[[ Input data open ]]
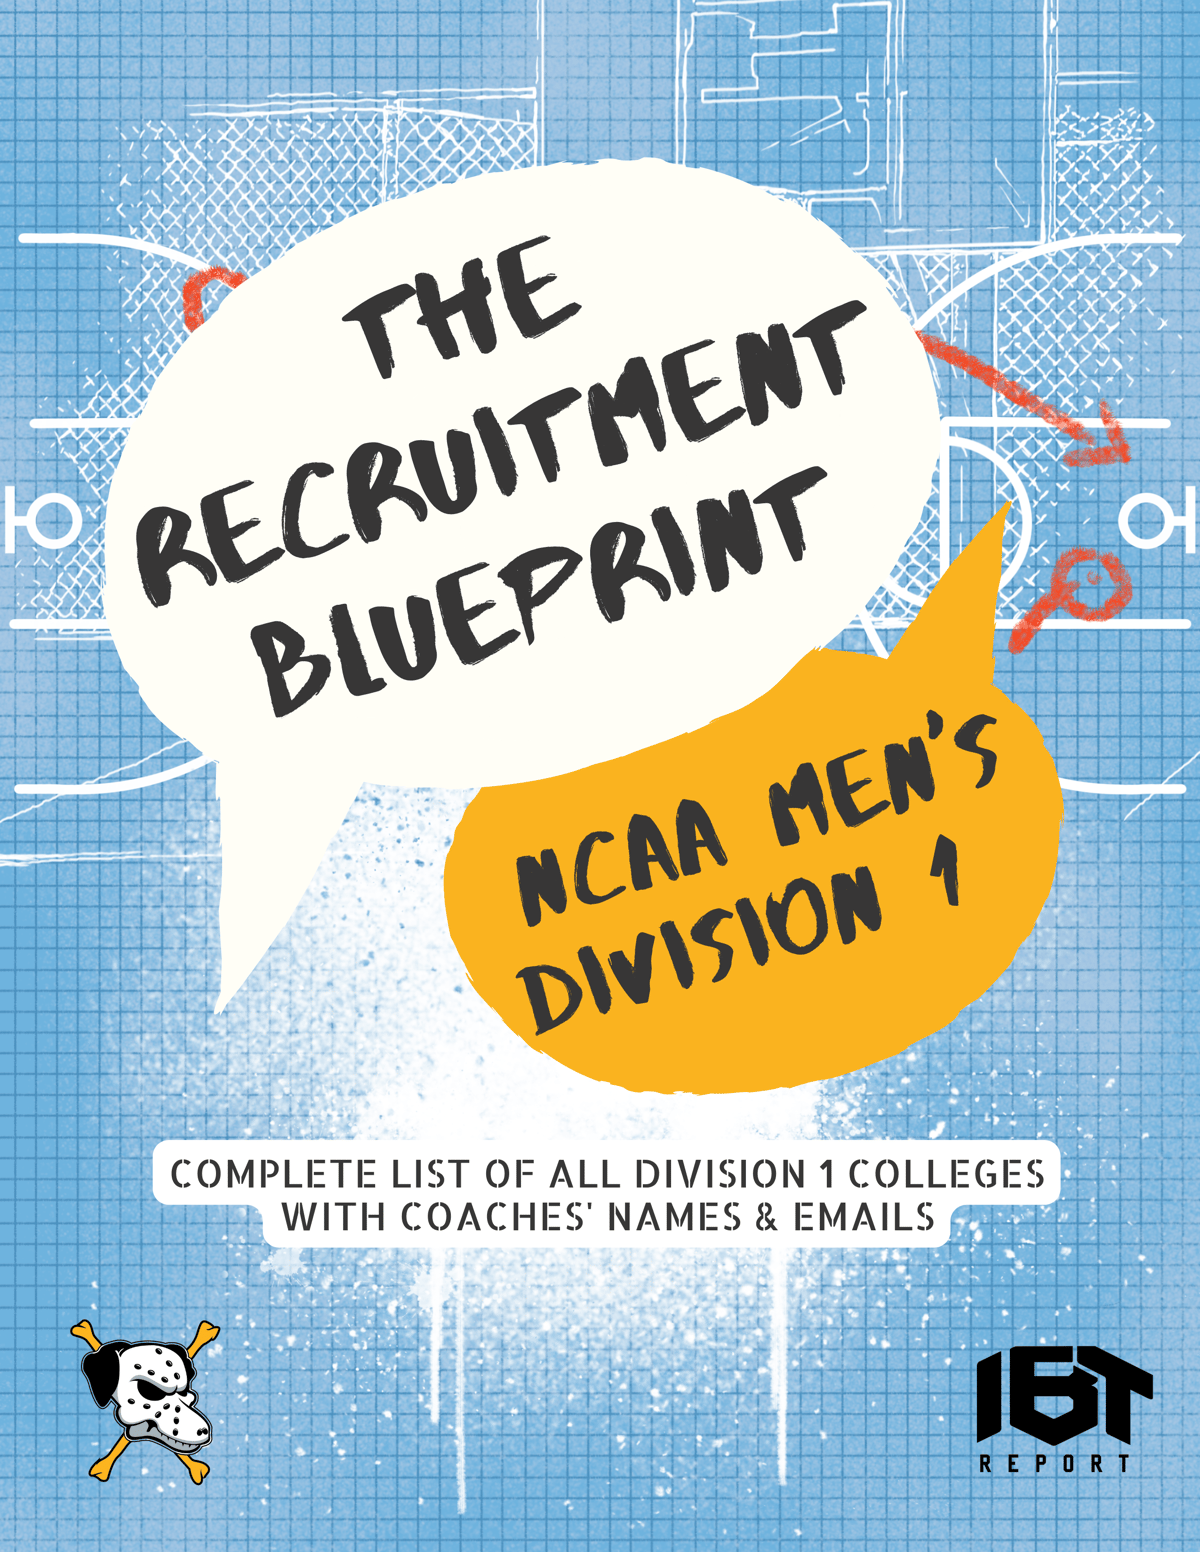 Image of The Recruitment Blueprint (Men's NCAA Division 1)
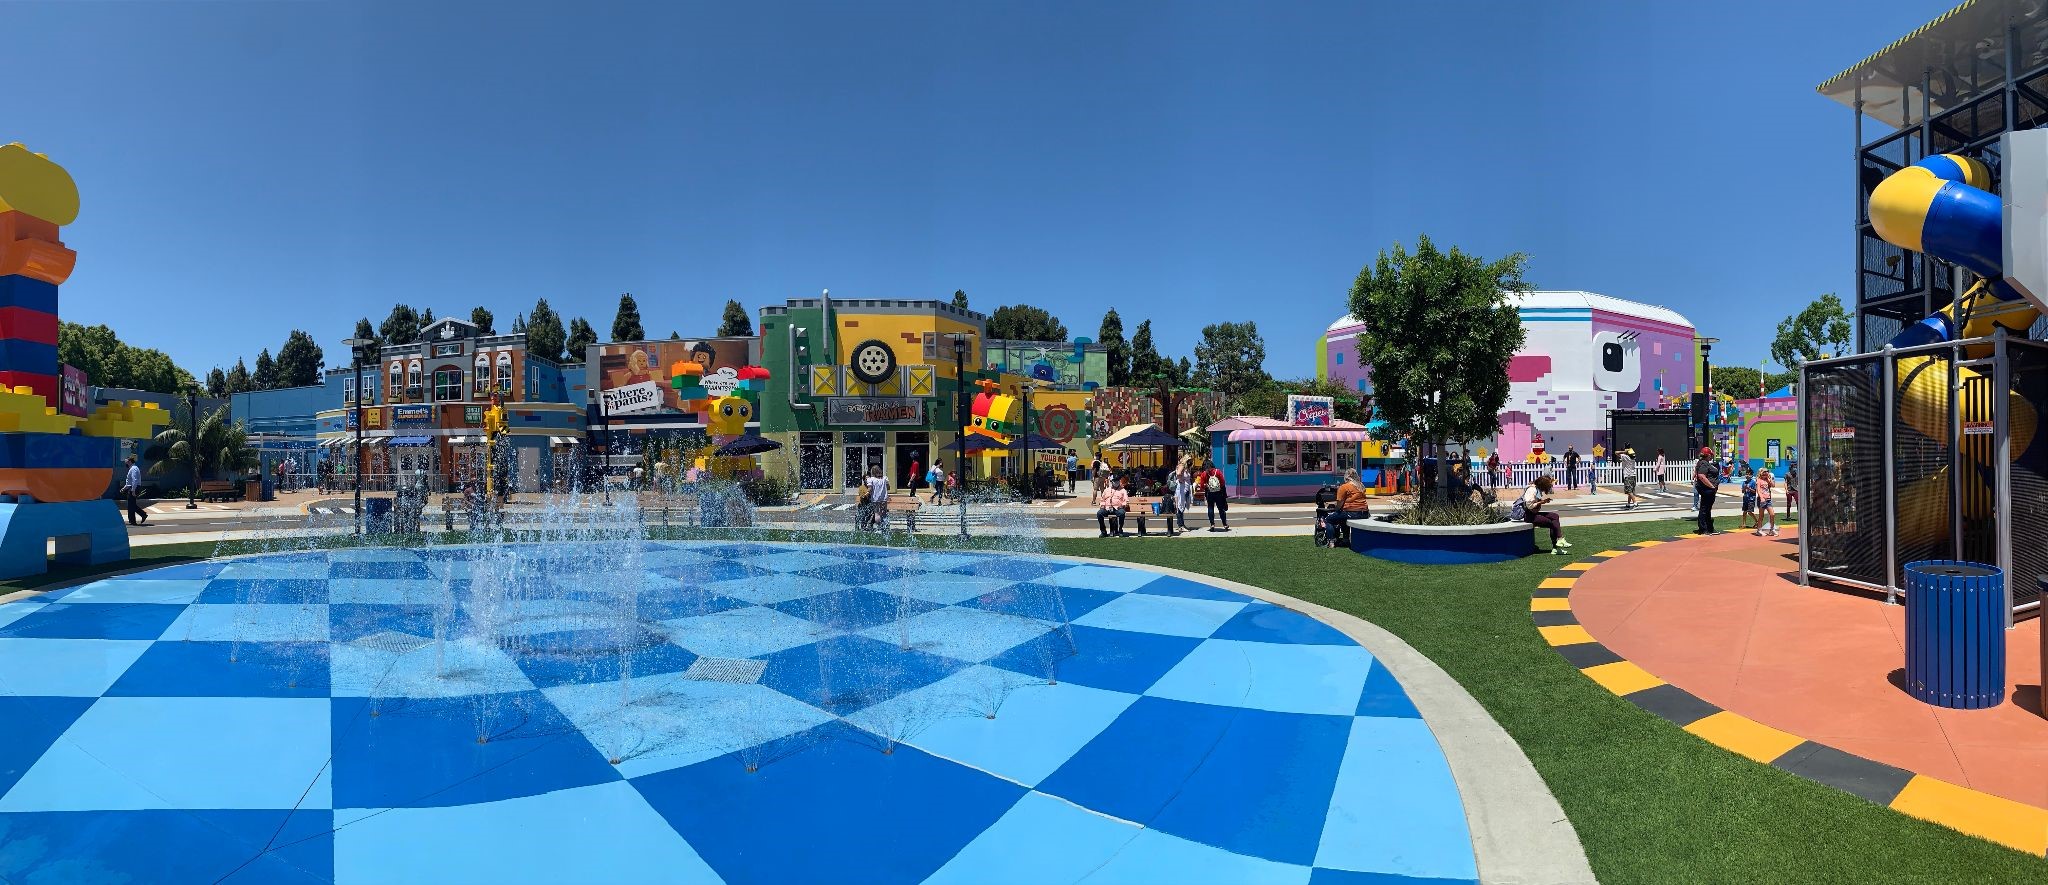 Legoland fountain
[[ Input data closed ]]
[[ Input data open ]]
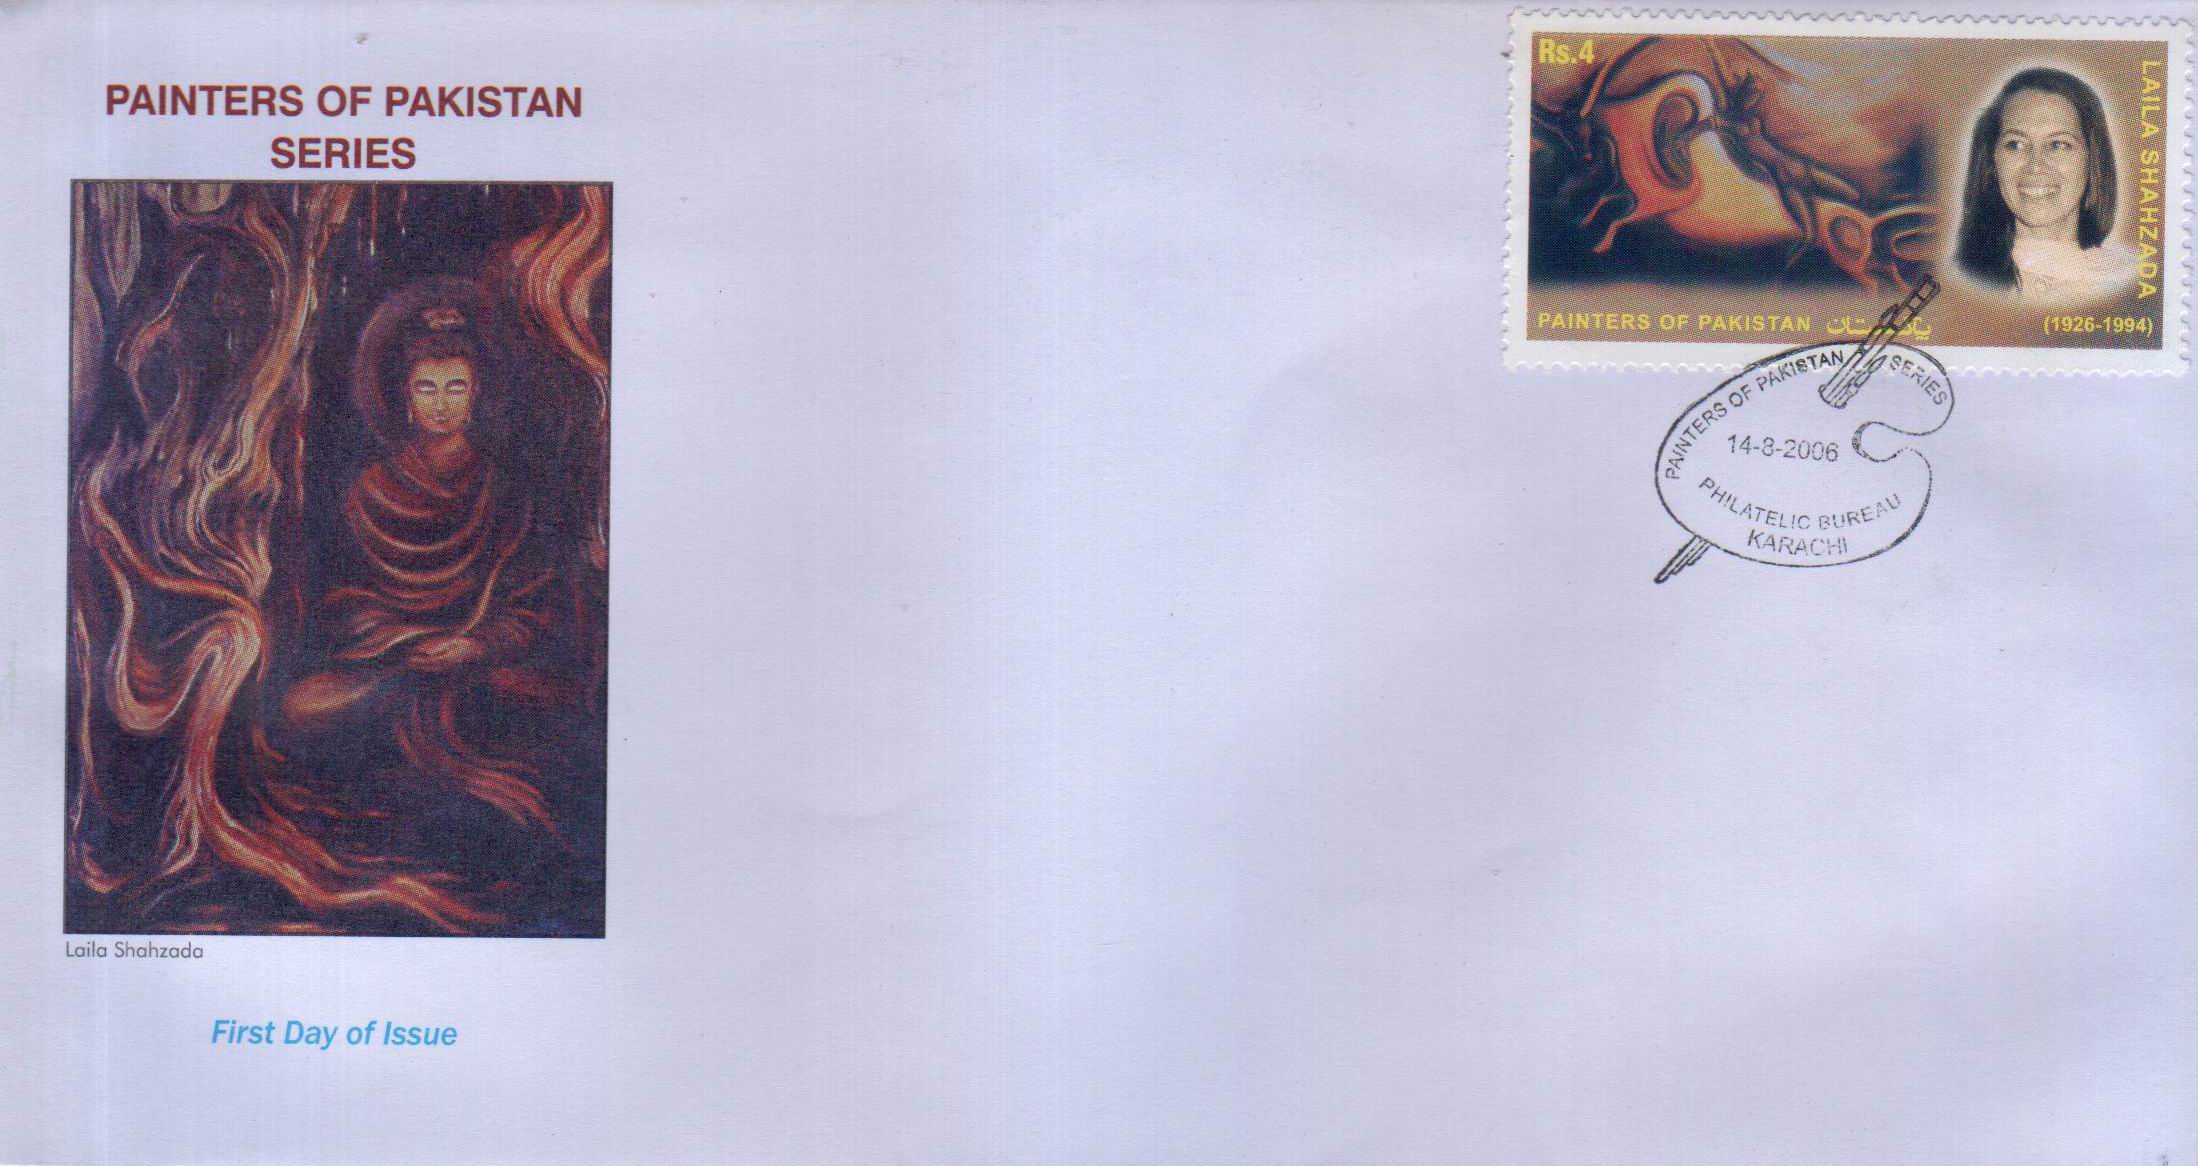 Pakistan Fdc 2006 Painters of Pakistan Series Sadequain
[[ Input data closed ]]
[[ Input data open ]]
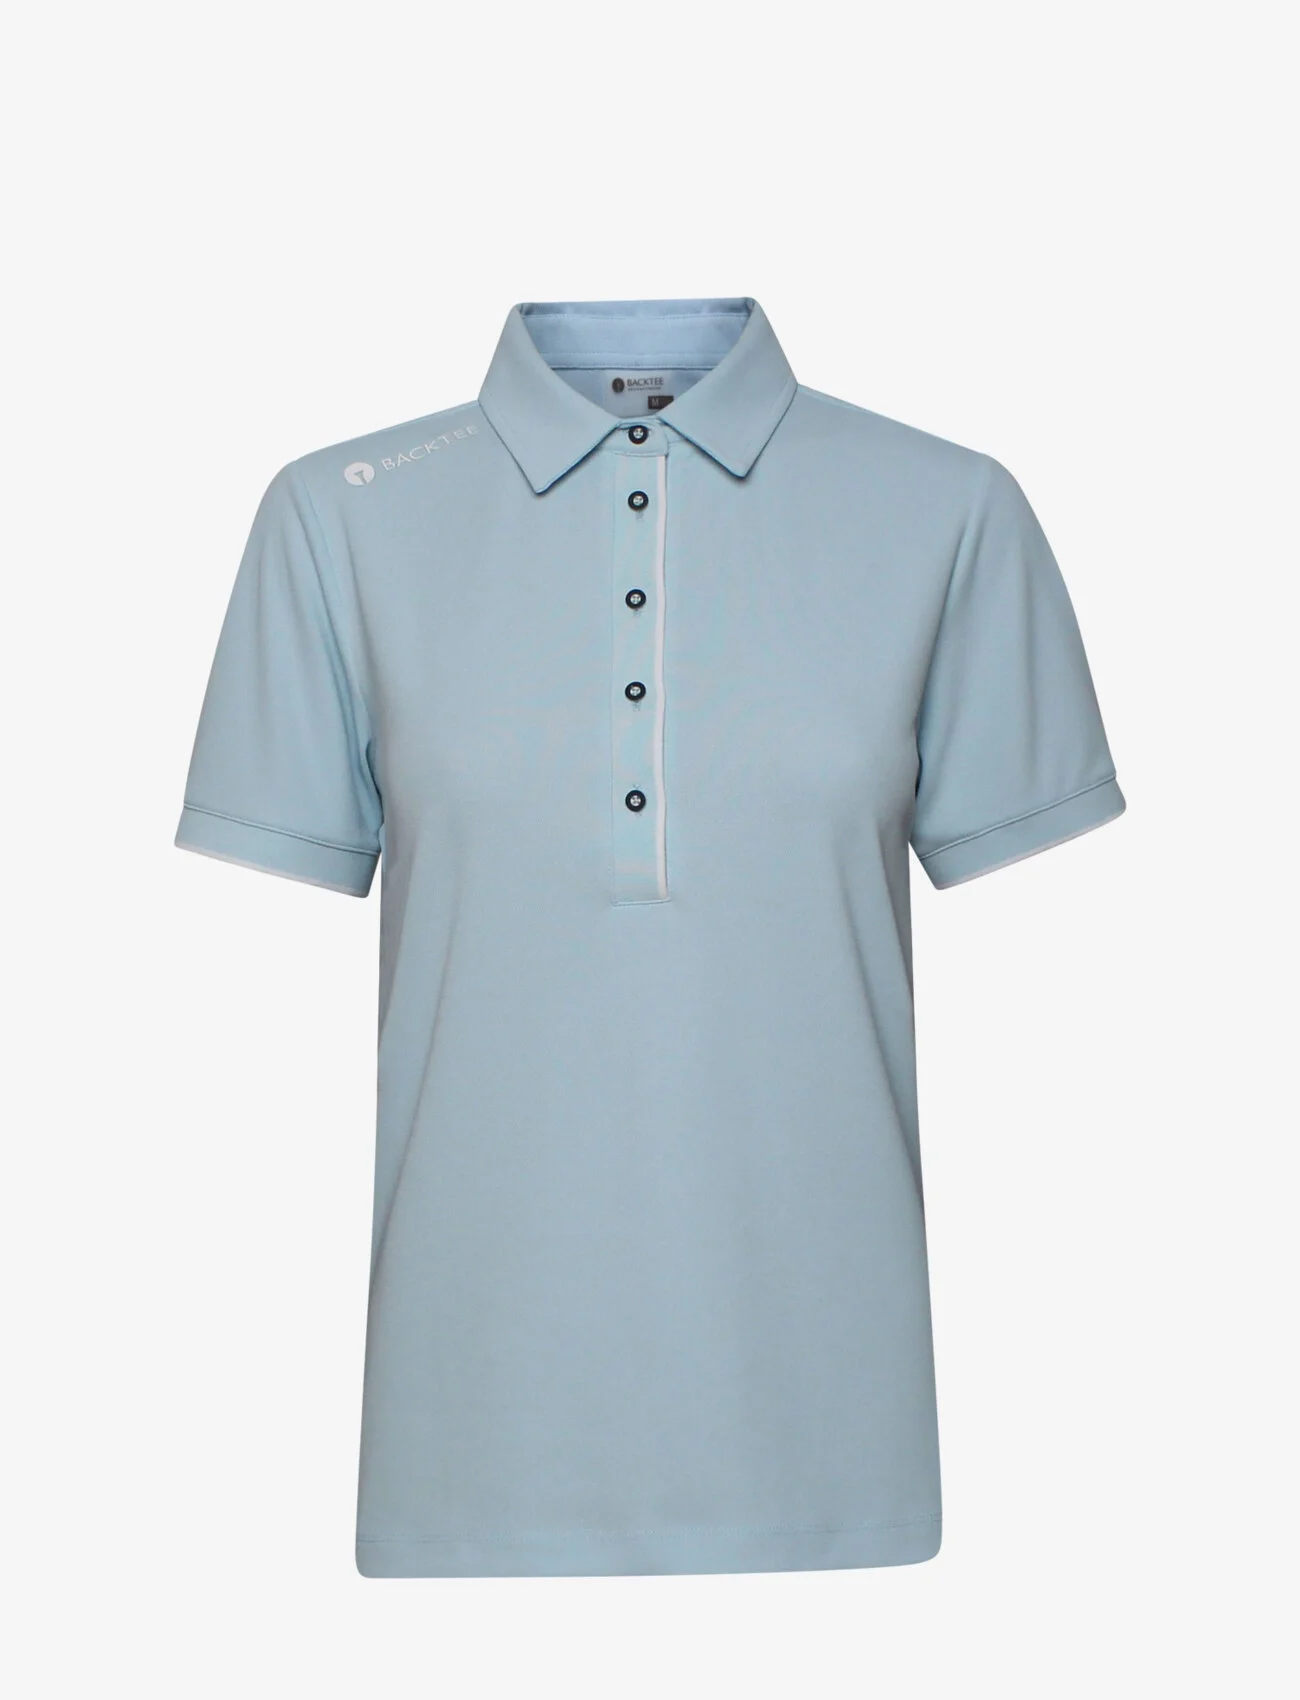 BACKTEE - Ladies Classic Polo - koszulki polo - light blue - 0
[[ Input data closed ]]
[What the task requires] Return exactly the lines of the material above, starting at the line containing "Image of The" and finishing at the line containing "Legoland fountain", without any pictures.

[Solution to this problem]
 Image of The Recruitment Blueprint (Men's NCAA Division 1)
 Legoland fountain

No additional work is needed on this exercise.